■ YOUR INSTRUCTIONS ■
Word for word, print out all of the data, omitting every image.

[PROVIDED MATERIAL]

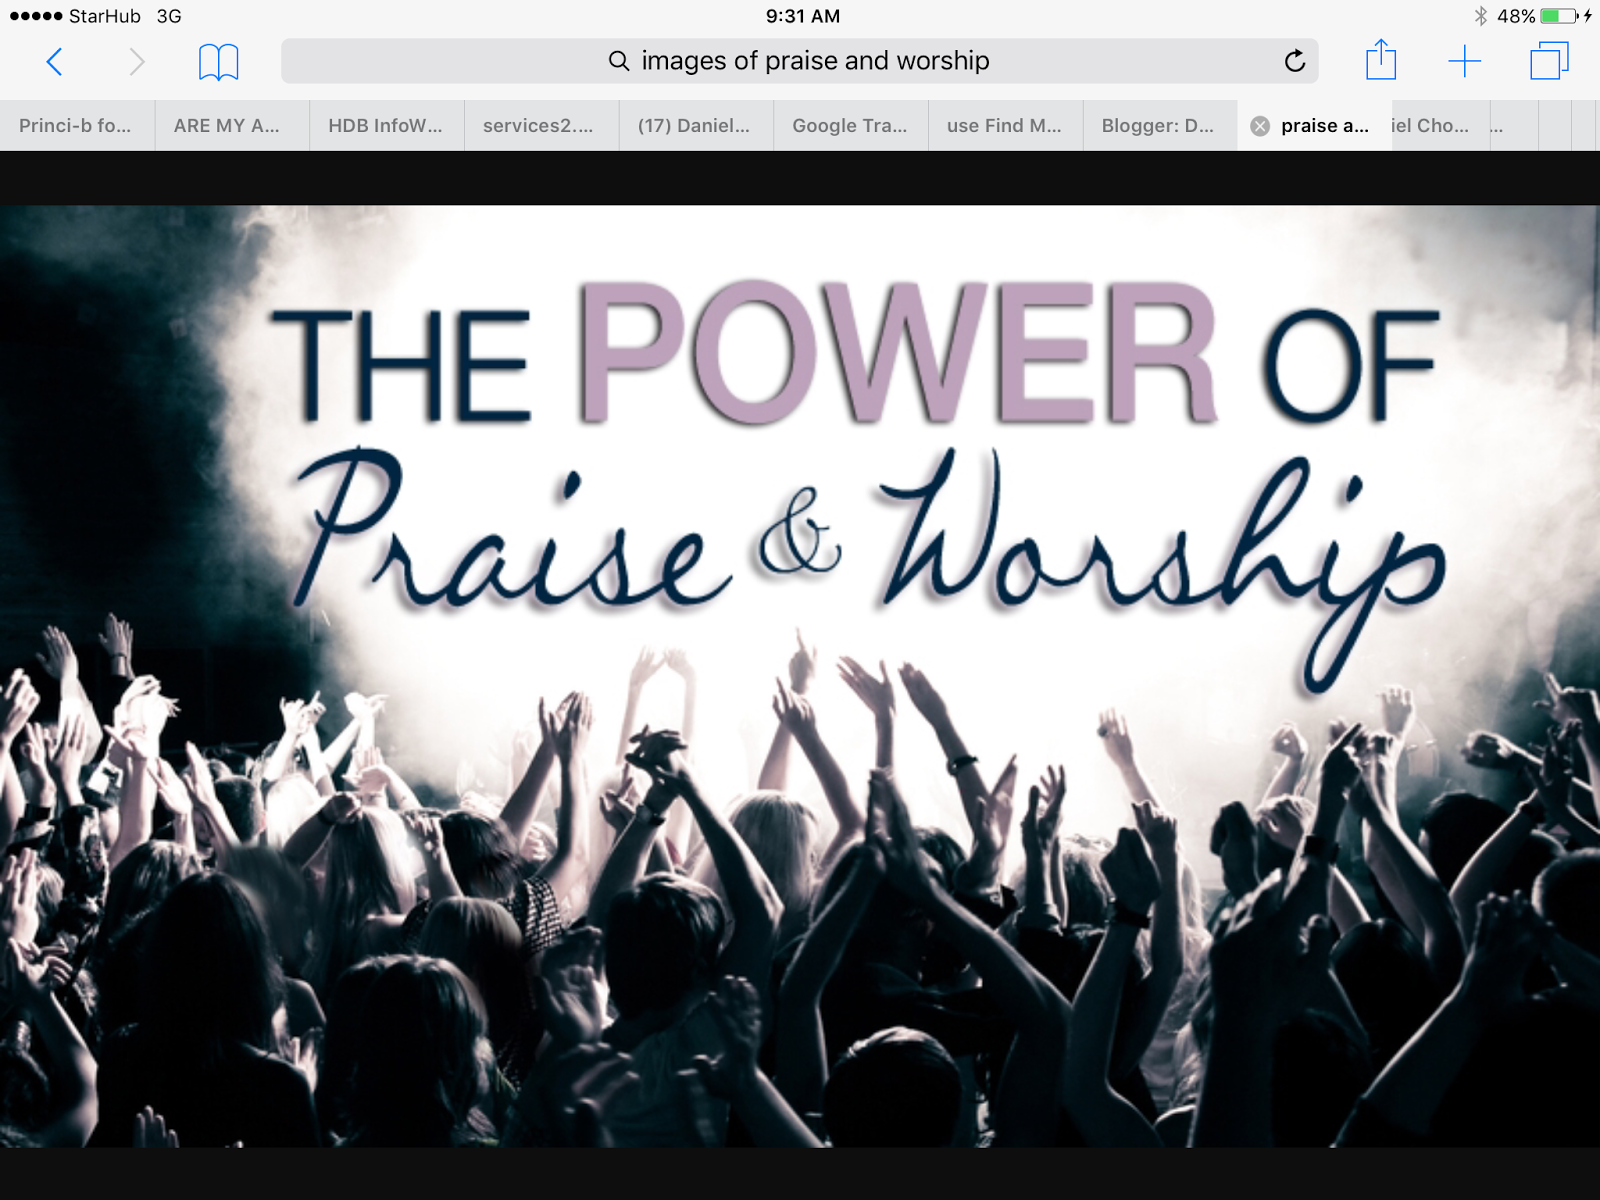 Praise & Worship Content Page
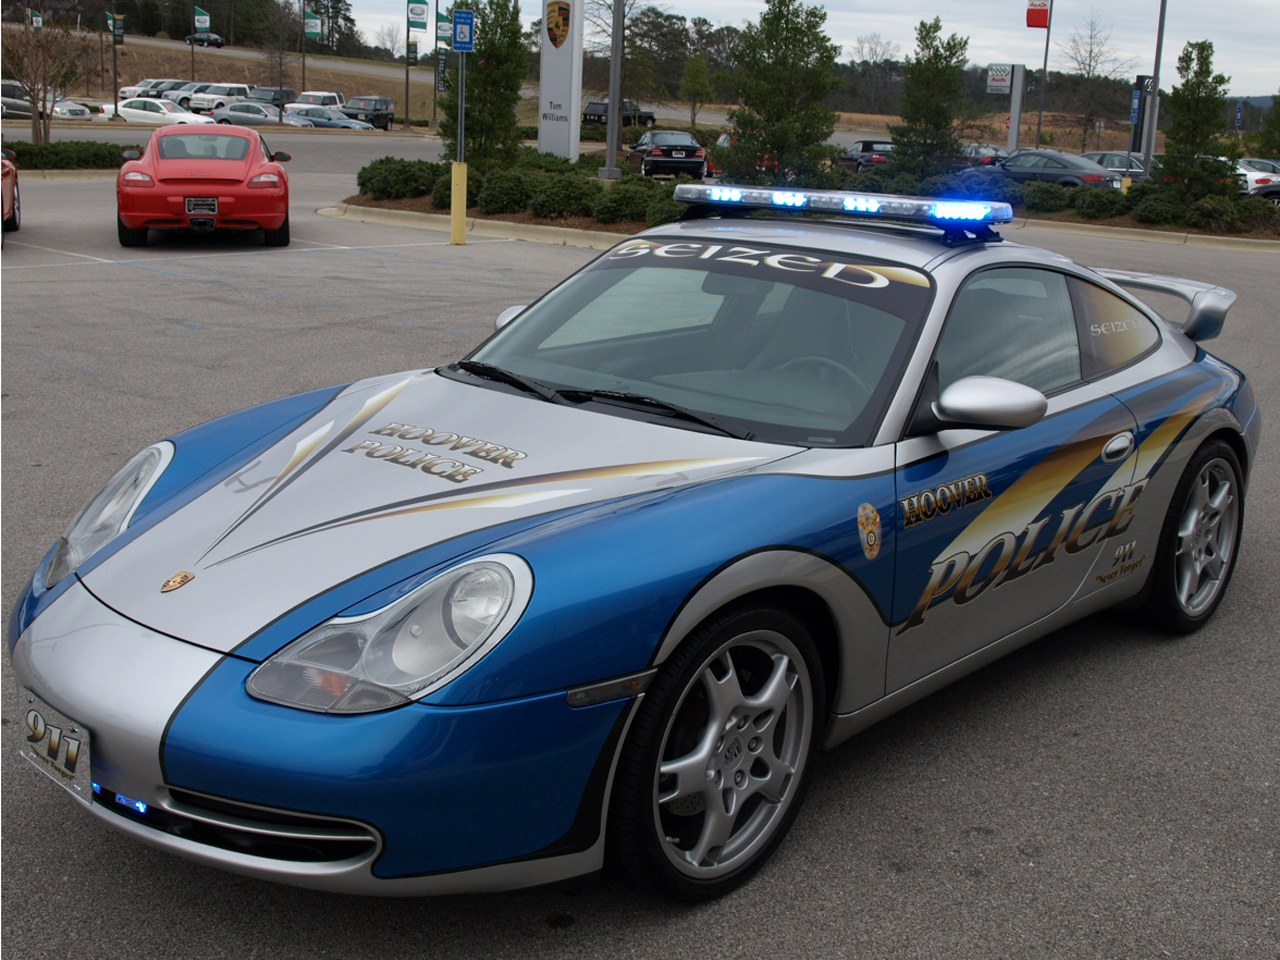 Alabama_Police_Porsche_911_1.jpg
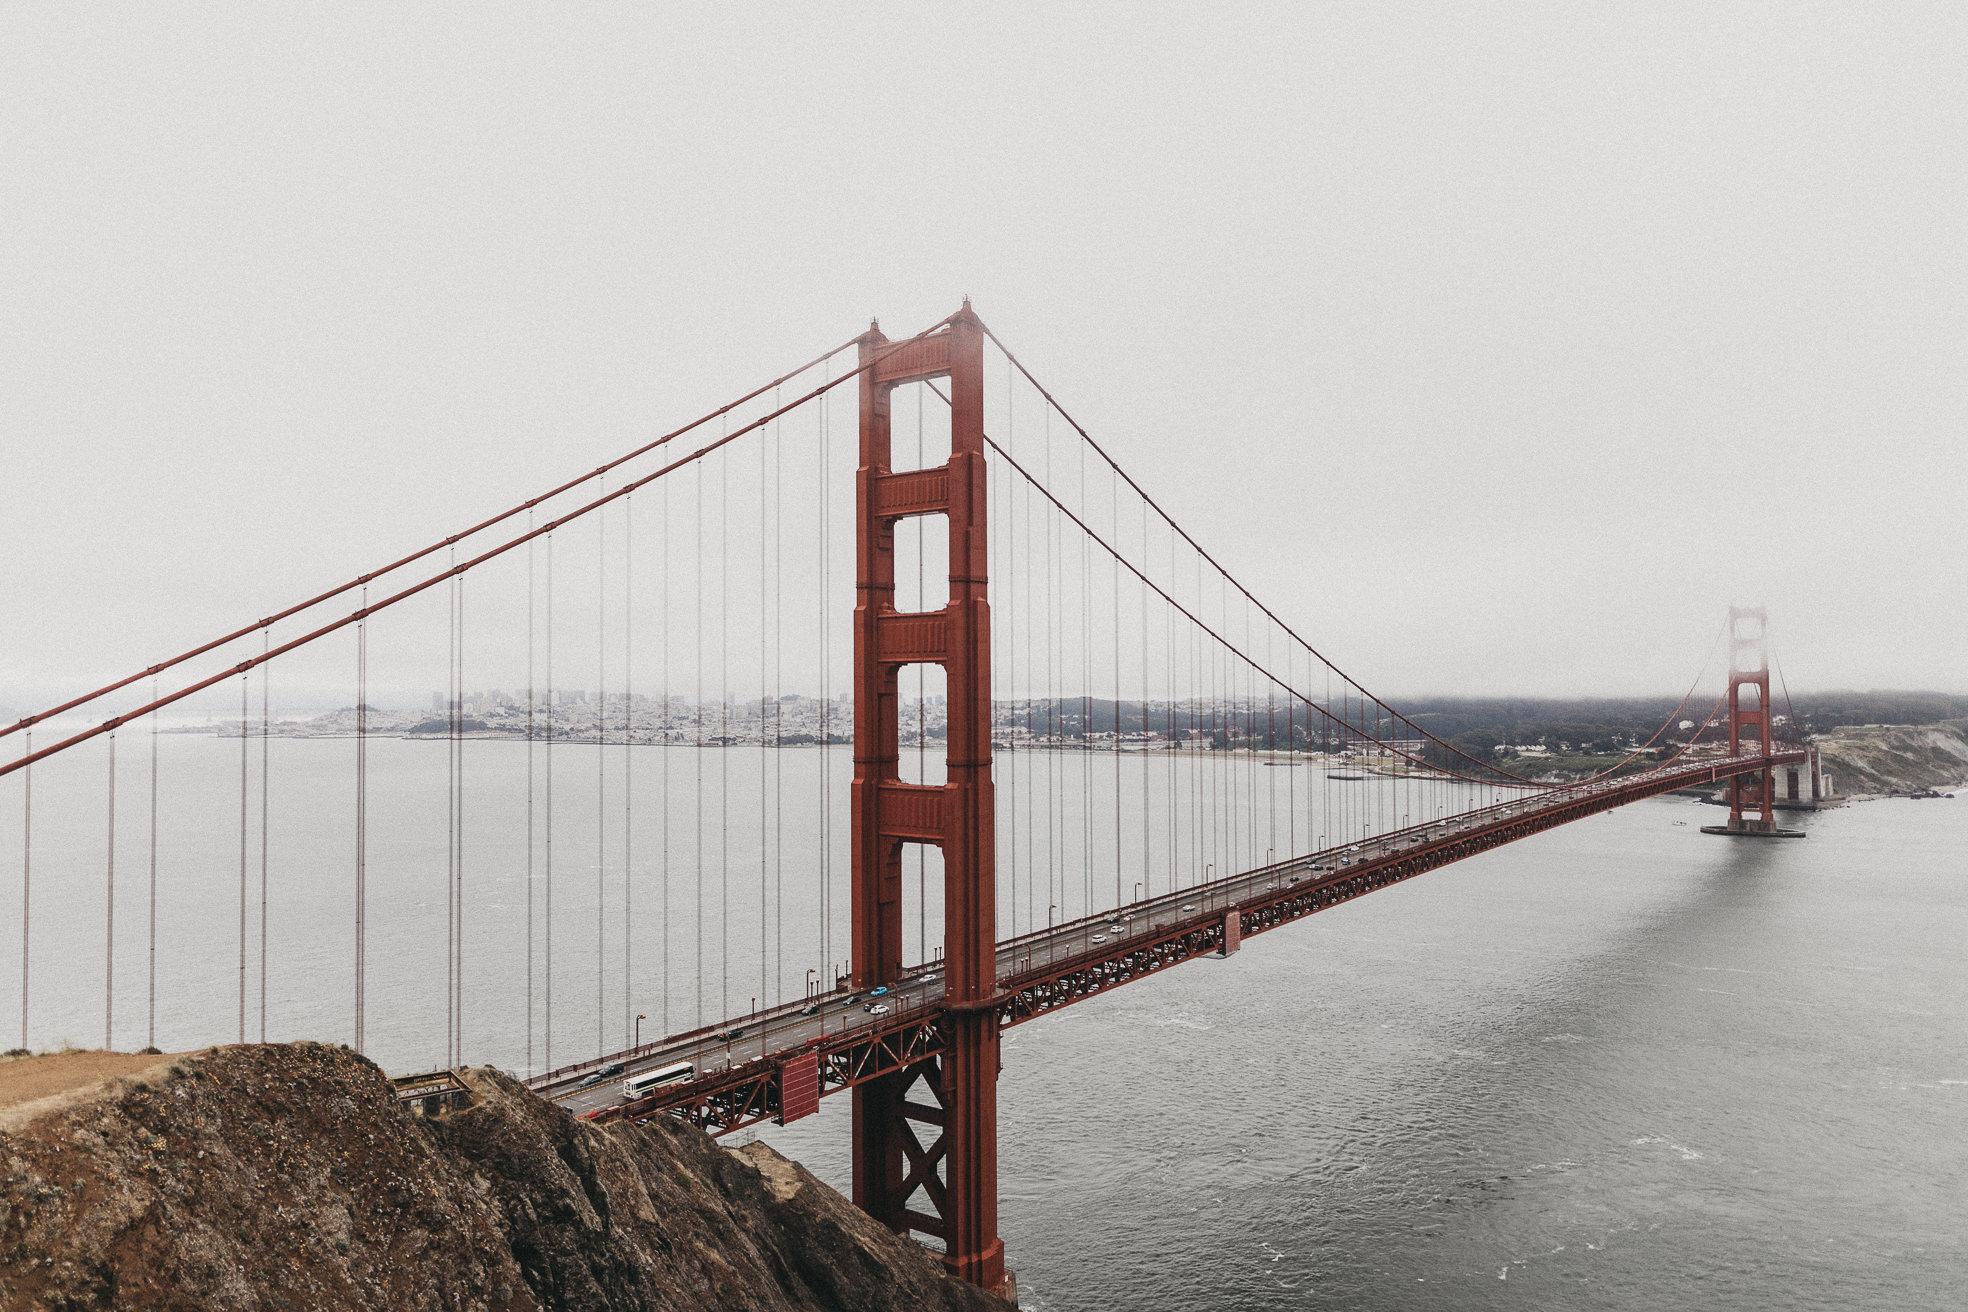 San-Francisco-BildervomLeben-7483

[/PROVIDED MATERIAL]

■ RESULT ■
 Praise & Worship Content Page
 Alabama_Police_Porsche_911_1.jpg
 San-Francisco-BildervomLeben-7483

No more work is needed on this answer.